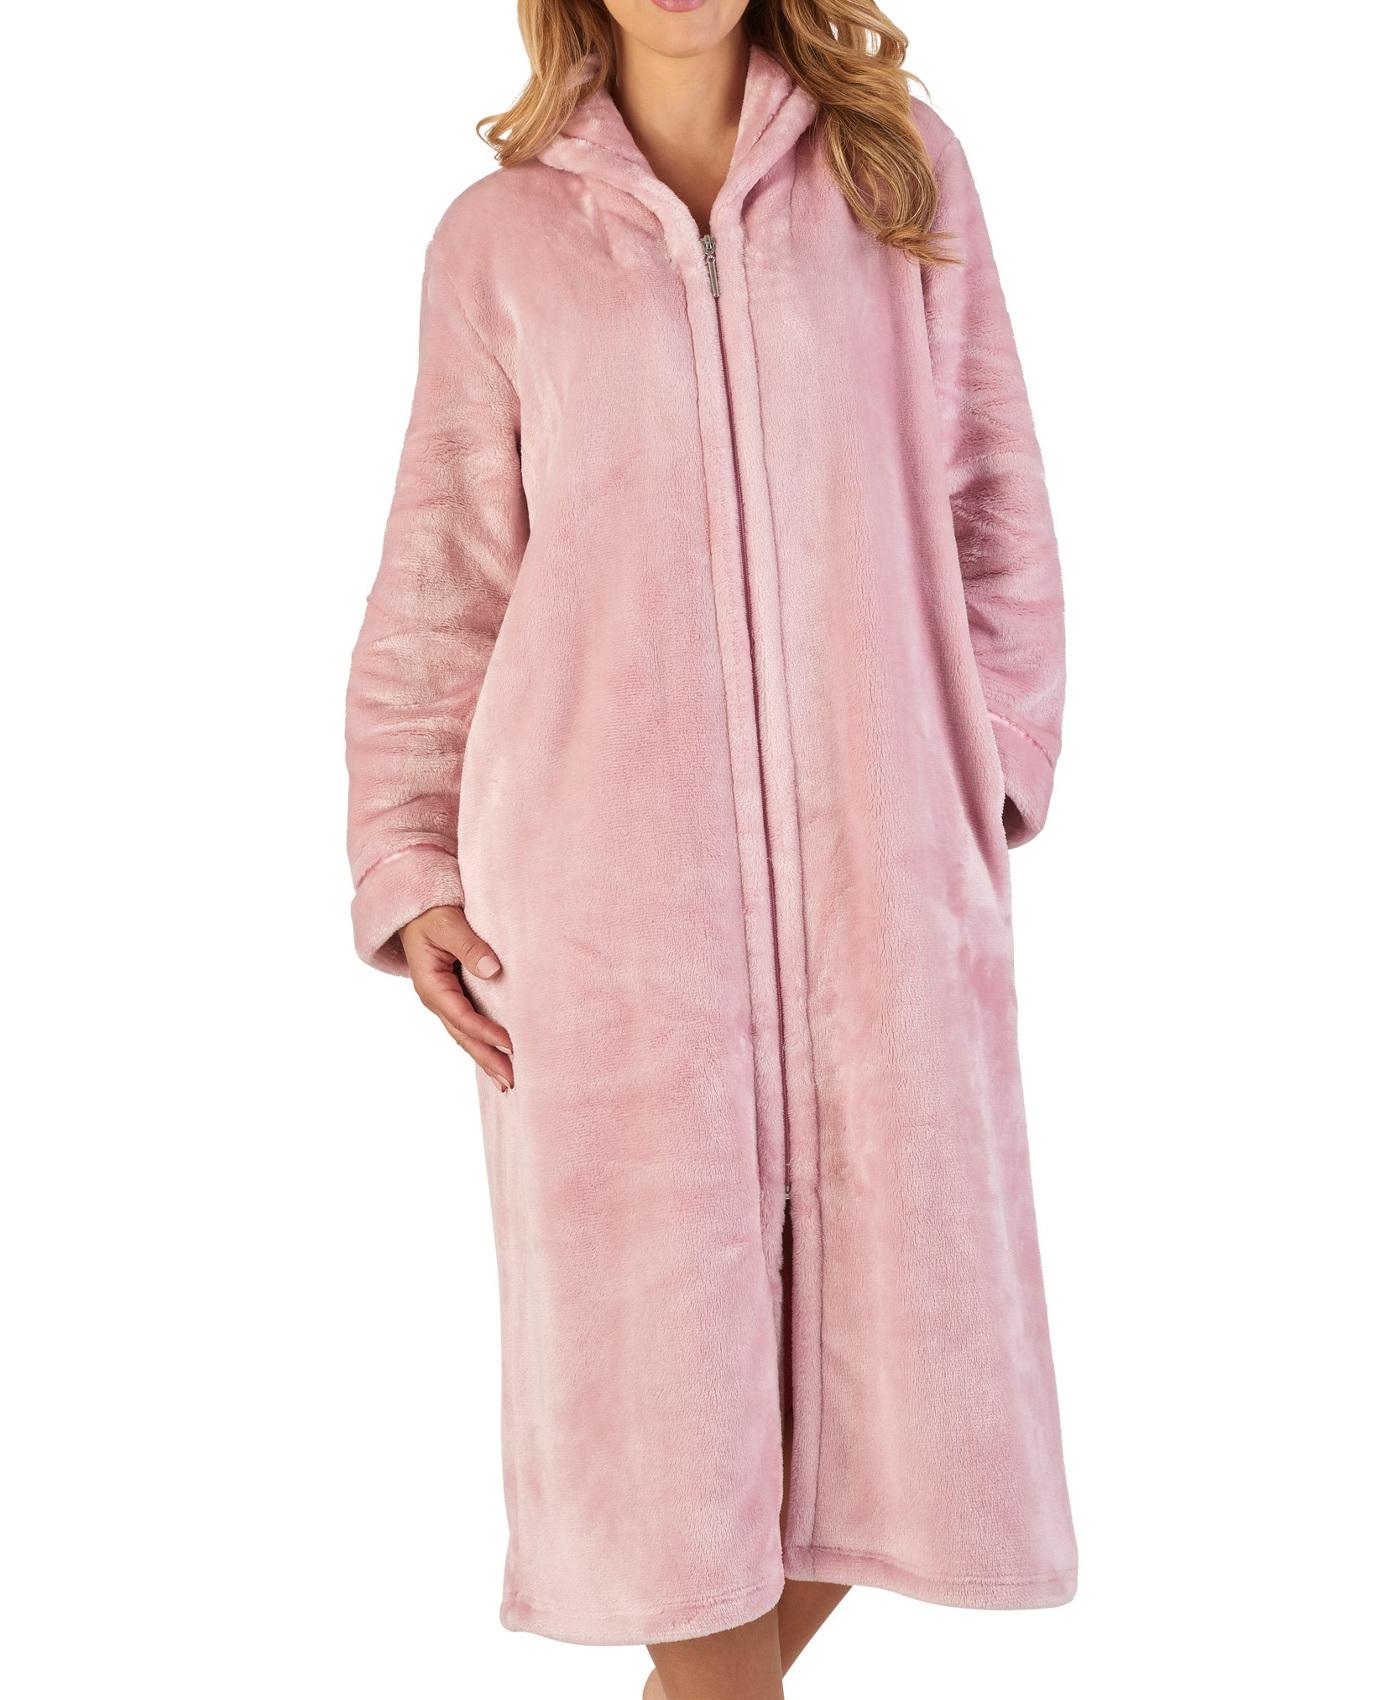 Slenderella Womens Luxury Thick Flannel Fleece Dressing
════════════════════
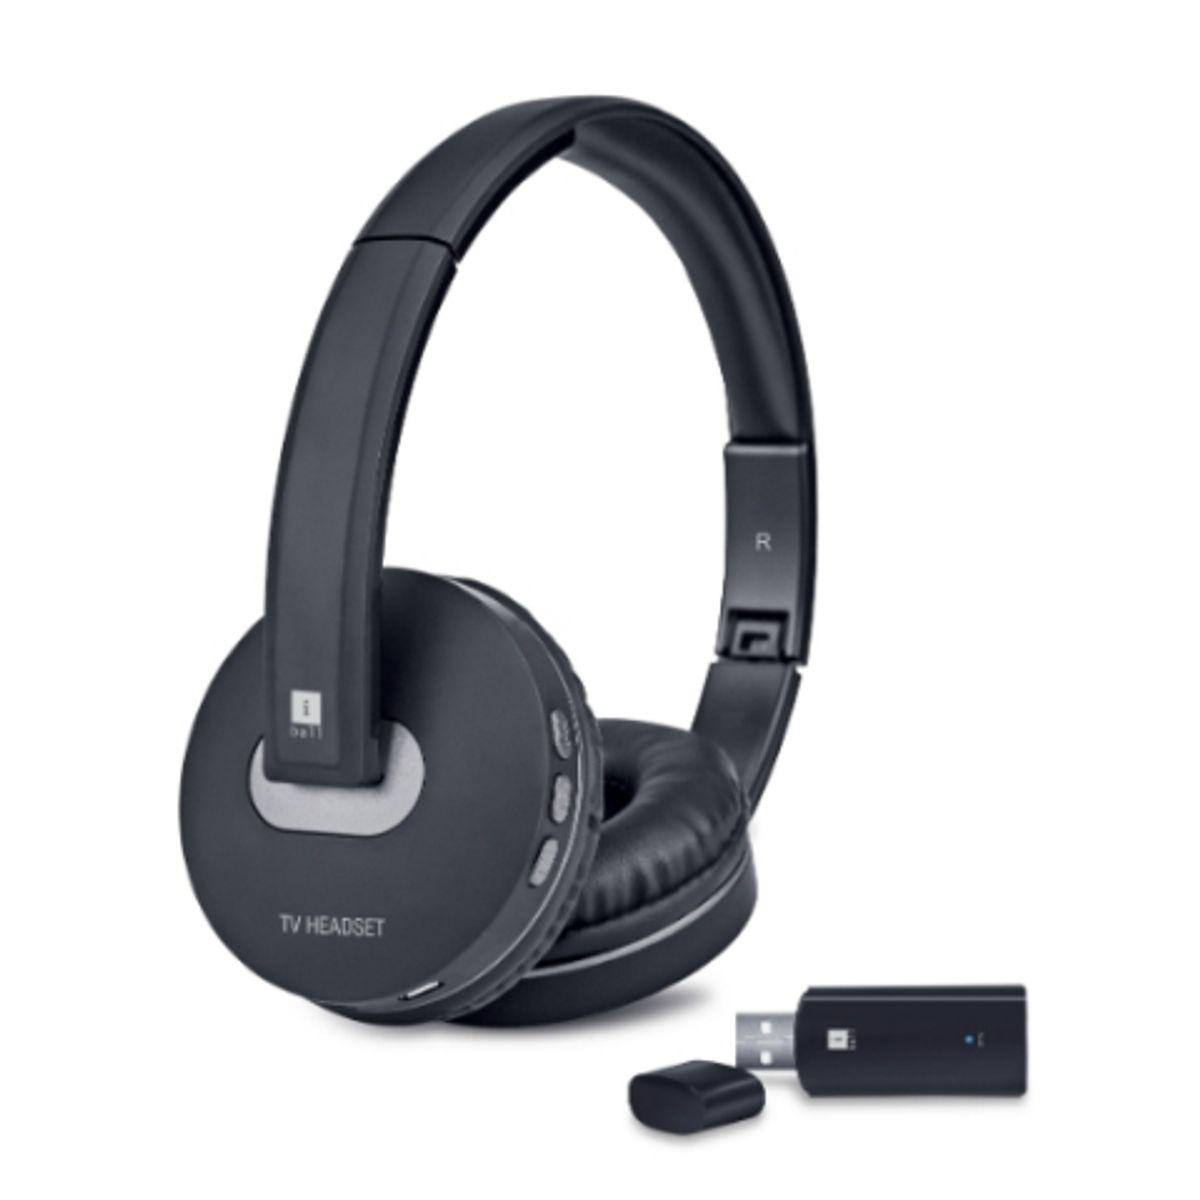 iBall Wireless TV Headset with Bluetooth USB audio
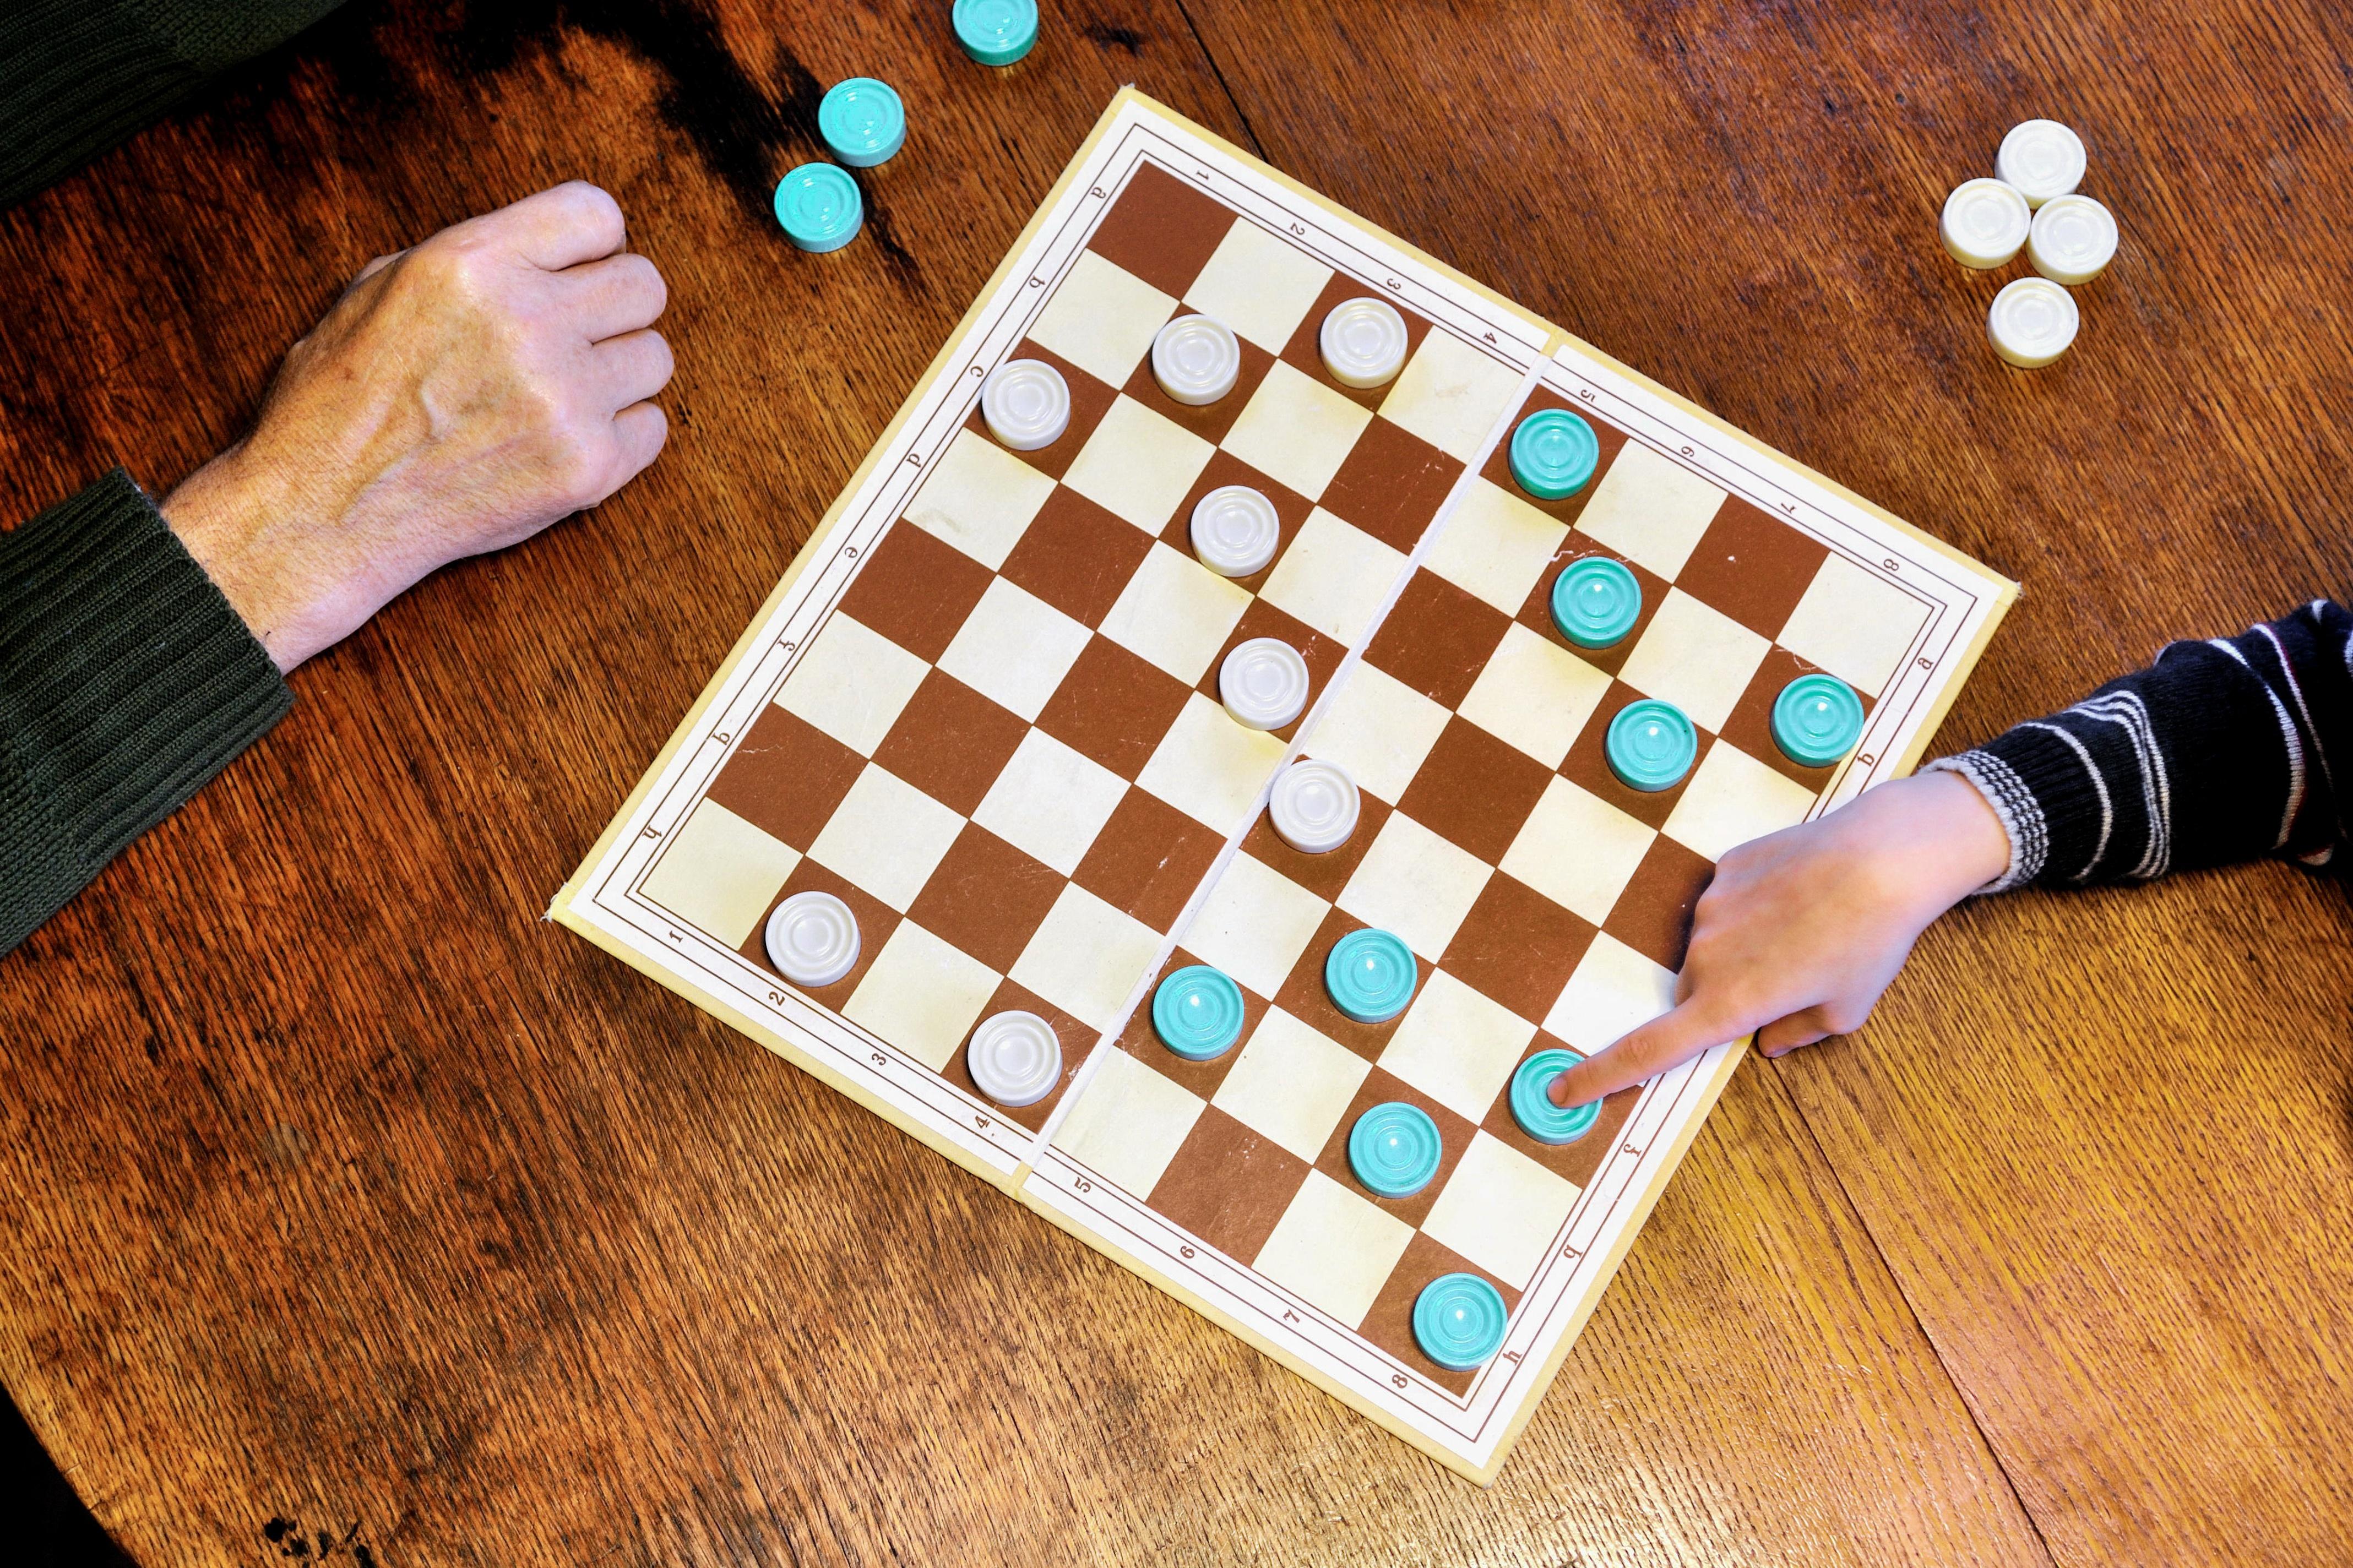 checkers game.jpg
════════════════════
Problem description: Copy only this from above: the line containing "iBall Wireless TV", the line containing "checkers game.jpg", and all lines between, printed exactly. Leave out the pictures.

Worked solution:
 iBall Wireless TV Headset with Bluetooth USB audio
 checkers game.jpg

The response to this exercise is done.